Transcript of Cad,Gagal Jantung

Page 1: Cad,Gagal Jantung

BAB II

TINJAUAN PUSTAKA

2.1 Diabetes Melitus Tipe 2

2.1.1 Definisi

Diabetes adalah gangguan metabolisme yang ditandai dengan terjadinya

resistensi insulin, sekresi insulin yang tidak memadai, atau gabungan keduanya.

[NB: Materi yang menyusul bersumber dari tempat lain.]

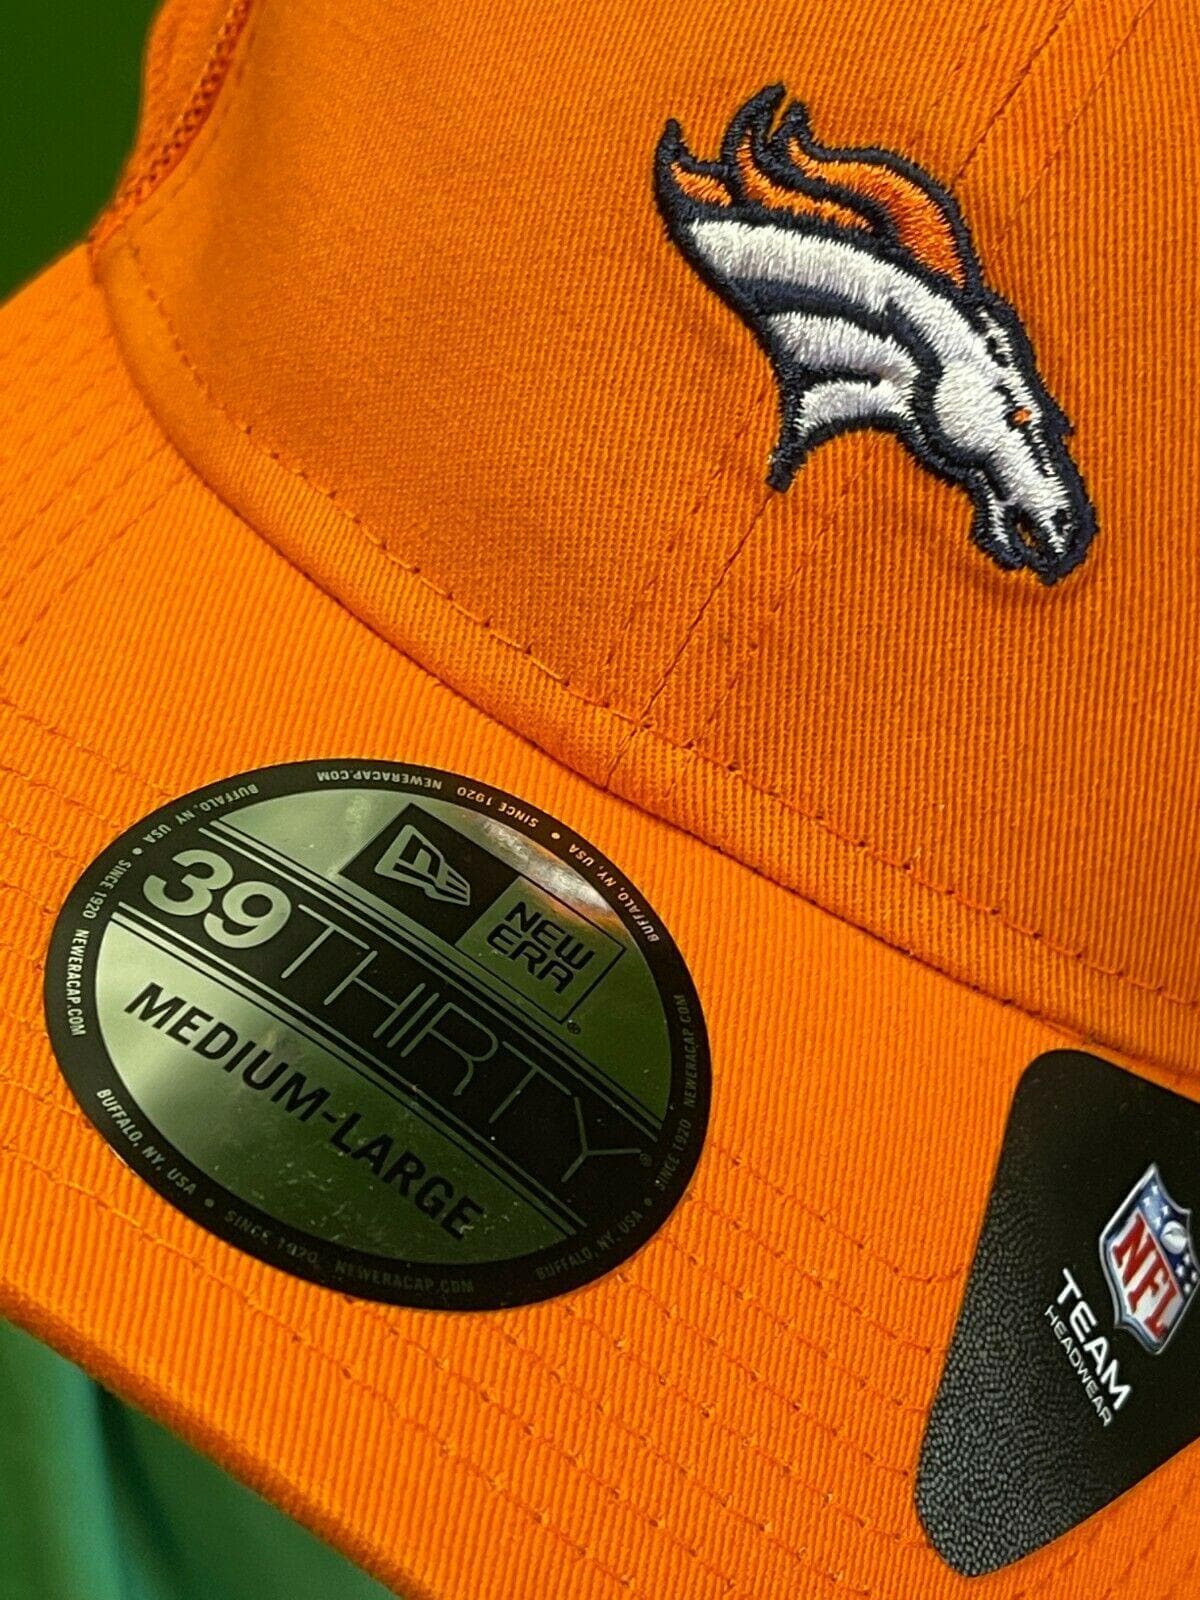 NFL Denver Broncos New Era 39THIRTY Team Precision Cap Hat M-L NWT

Manifestasi klinis gangguan tersebut adalah hiperglikemia. Pasien diabetes

diklasifikasikan ke dalam 2 kelompok, yaitu diabetes tipe 1 yang disebabkan oleh

defisiensi absolut insulin, dan diabetes tipe 2 didefinisikan adanya resistensi

insulin dengan meningkatnya kompensasi sekresi insulin yang tidak memadai.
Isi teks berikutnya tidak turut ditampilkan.